Let $A$ be a large square $(n+1) \times (n+1)$ invertible matrix, where $n \approx 1000$.
$$A = \begin{bmatrix}
-1 & 0 & 0 &\cdots & 0 & a_0\\
1 & -1 & 0 &\cdots & 0 & a_1\\
0 & 1 & -1 &\cdots & 0 & a_2\\
\vdots & \vdots & \vdots &\ddots & \vdots & \vdots\\
0 & 0 & 0 &\cdots & -1 & a_{n-1}\\
0 & 0 & 0 &\cdots & 1 & a_n-1\\
\end{bmatrix}$$
What is the most efficient way to find its inverse or solve its linear equation?

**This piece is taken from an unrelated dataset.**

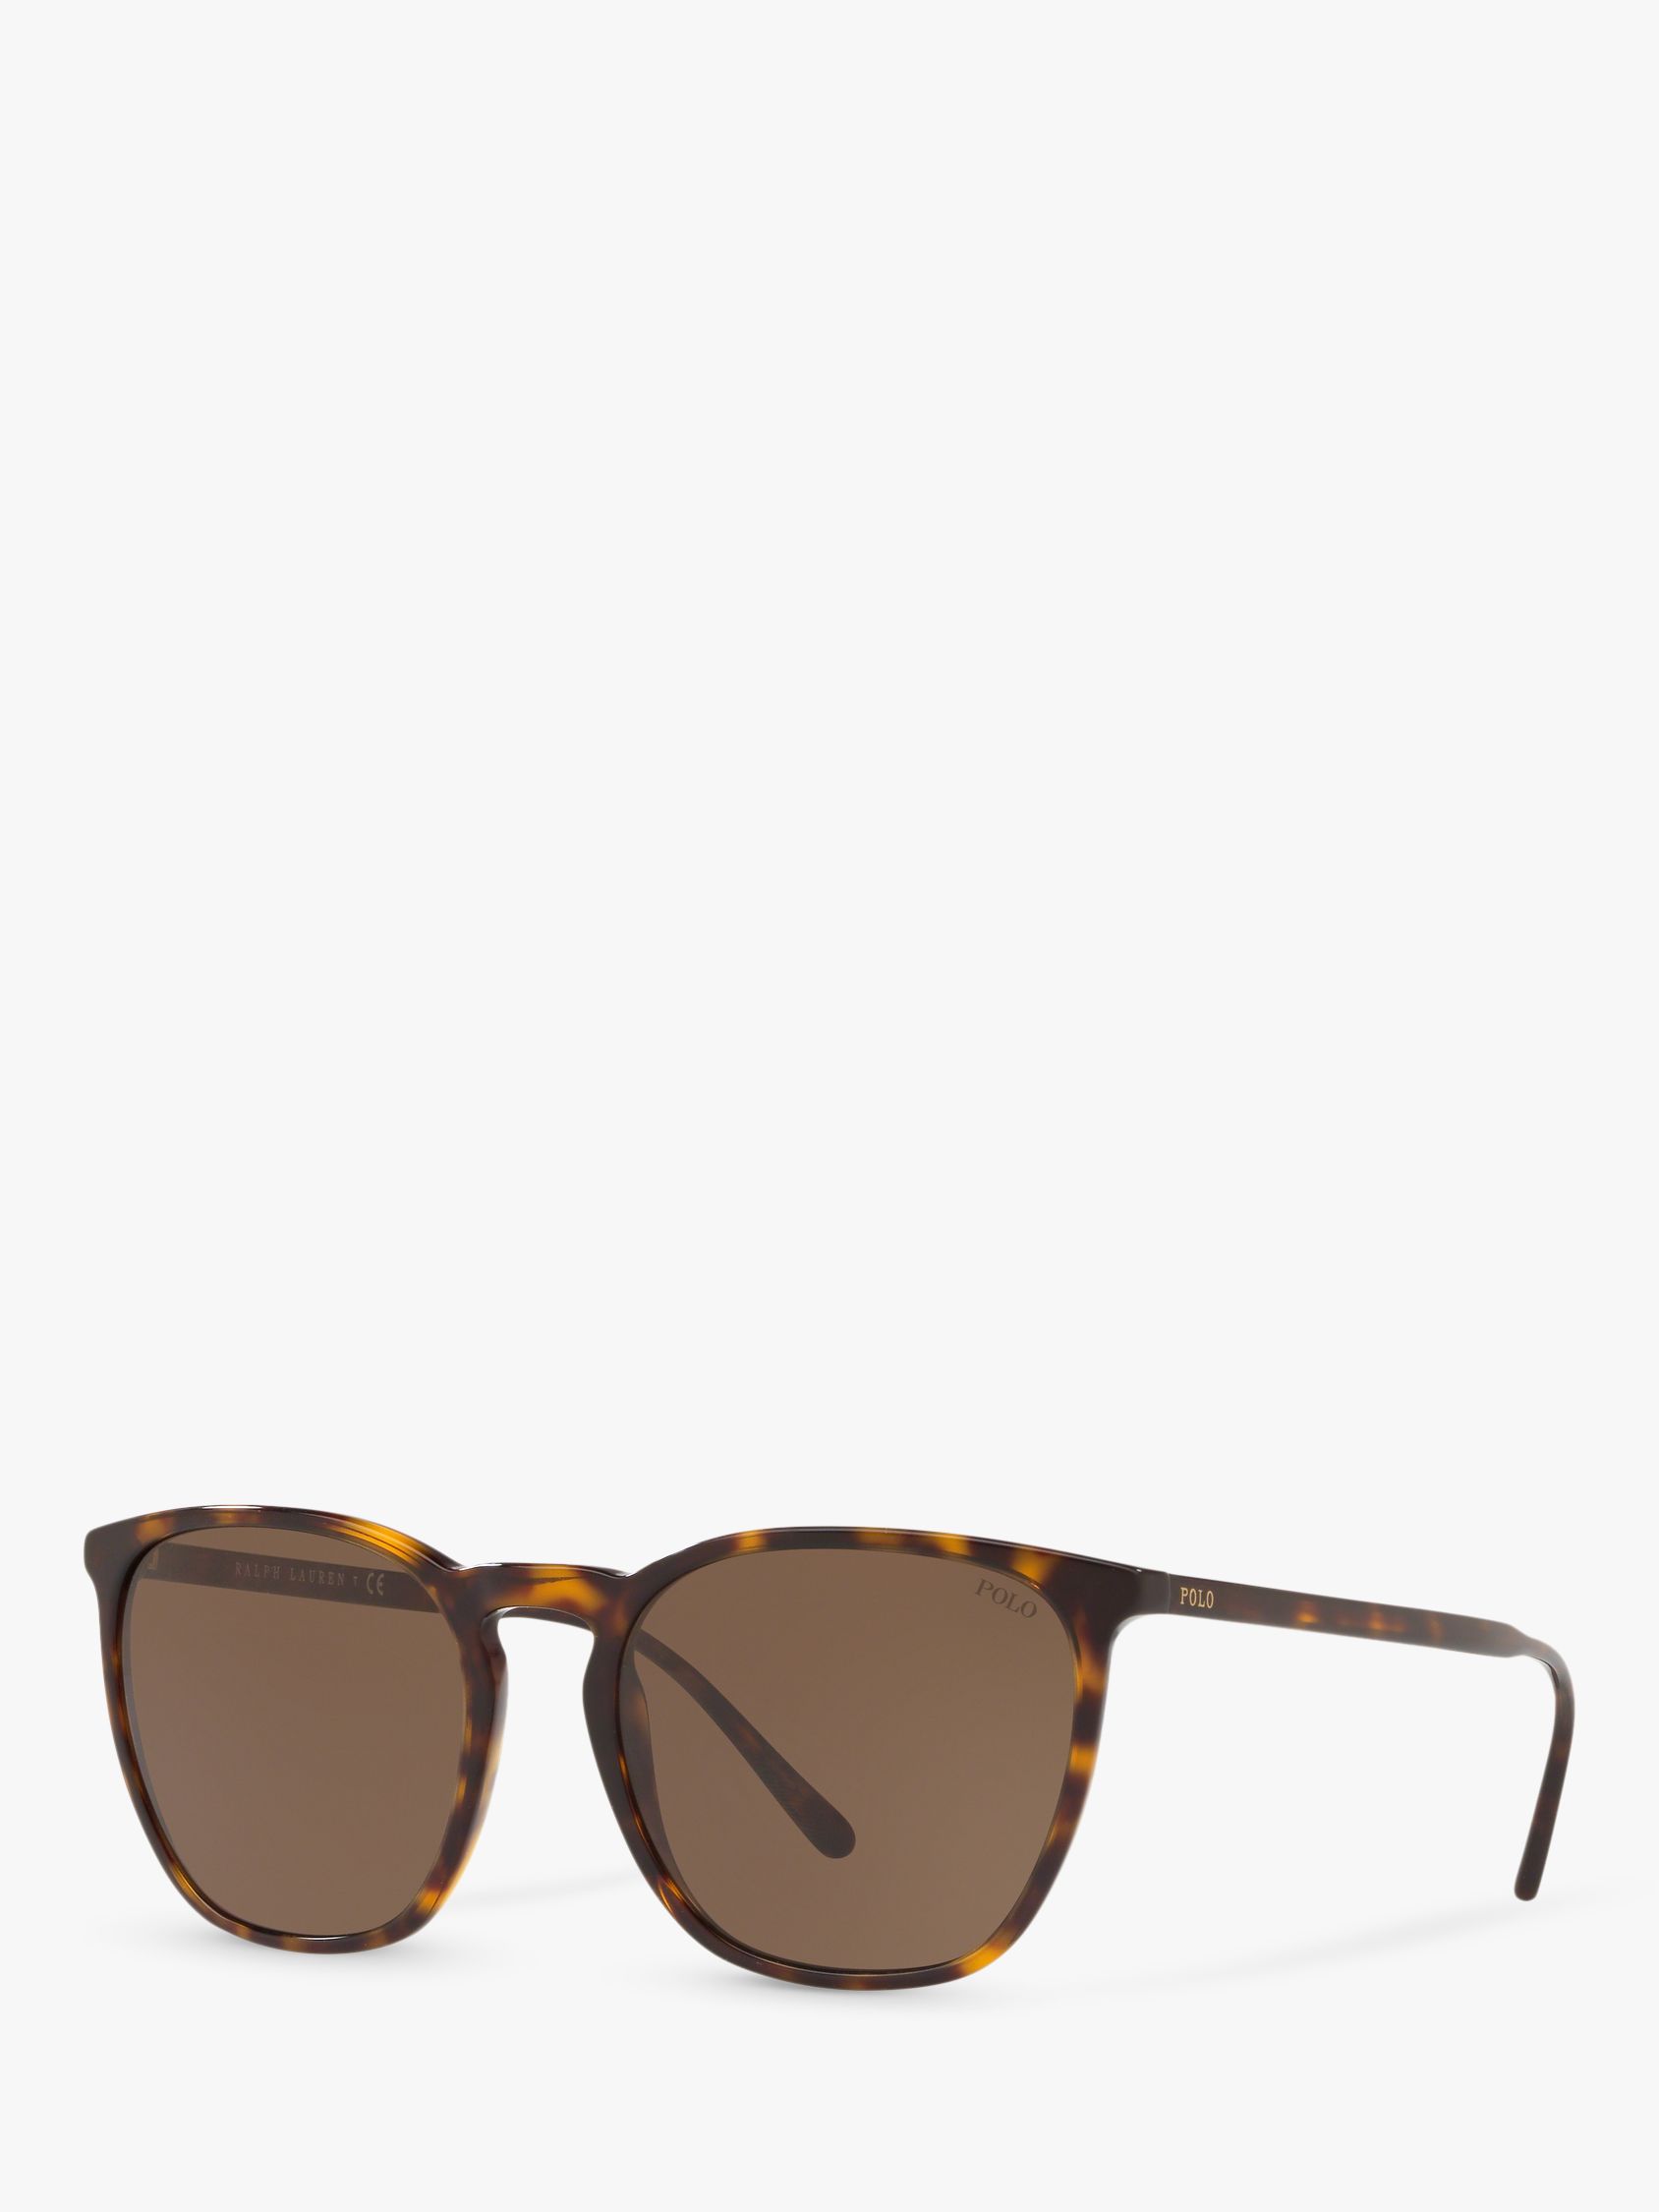 Polo Ralph Lauren PH4141 Men's Square Sunglasses, Dark Havana/Brown

Matrix $A$ is the result of a subtraction of a matrix with the identity matrix. I try to solve this to find the result of the series of a matrix and apparently Gaussian elimination method was not efficient enough.
Best Answer
Let's solve $Ax = b$. The first equation in this linear system tells us that $-x_0 + a_0 x_n = b_0$, or $$ x_0 = a_0 x_n - b_0. $$ The second equation tells us that \begin{align} & x_0 - x_1 + a_1 x_n = b_1 \\ \implies & x_1 = (a_0 + a_1) x_n - b_0 - b_1. \end{align} The third equation tells us that \begin{align} &x_1 - x_2 + a_2 x_n = b_2 \\ \implies & x_2 = (a_0 + a_1 + a_2) x_n - b_0 - b_1 - b_2. \end{align} Continuing like this, the second-to-last equation tells us that \begin{align} & x_{n-1} = (a_0 + \cdots + a_{n-1}) x_n - b_0 - \cdots - b_{n-1}. \end{align} The final equation tells us that \begin{align} &x_{n-1} + (a_n - 1) x_n = b_n \\ \implies& (a_0 + \cdots + a_{n-1}) x_n - b_0 - \cdots - b_{n-1} + (a_n - 1) x_n = b_n \\ \implies & (-1 + \sum_{i=0}^n a_i)x_n - \sum_{i=0}^n b_i = 0 \\ \implies & x_n = \frac{\sum_{i=0}^n b_i }{-1 + \sum_{i=0}^n a_i}. \end{align} We can now do back-substitution to get the values of $x_{n-1}, \ldots, x_0$.
So we can solve $Ax = b$ in linear time.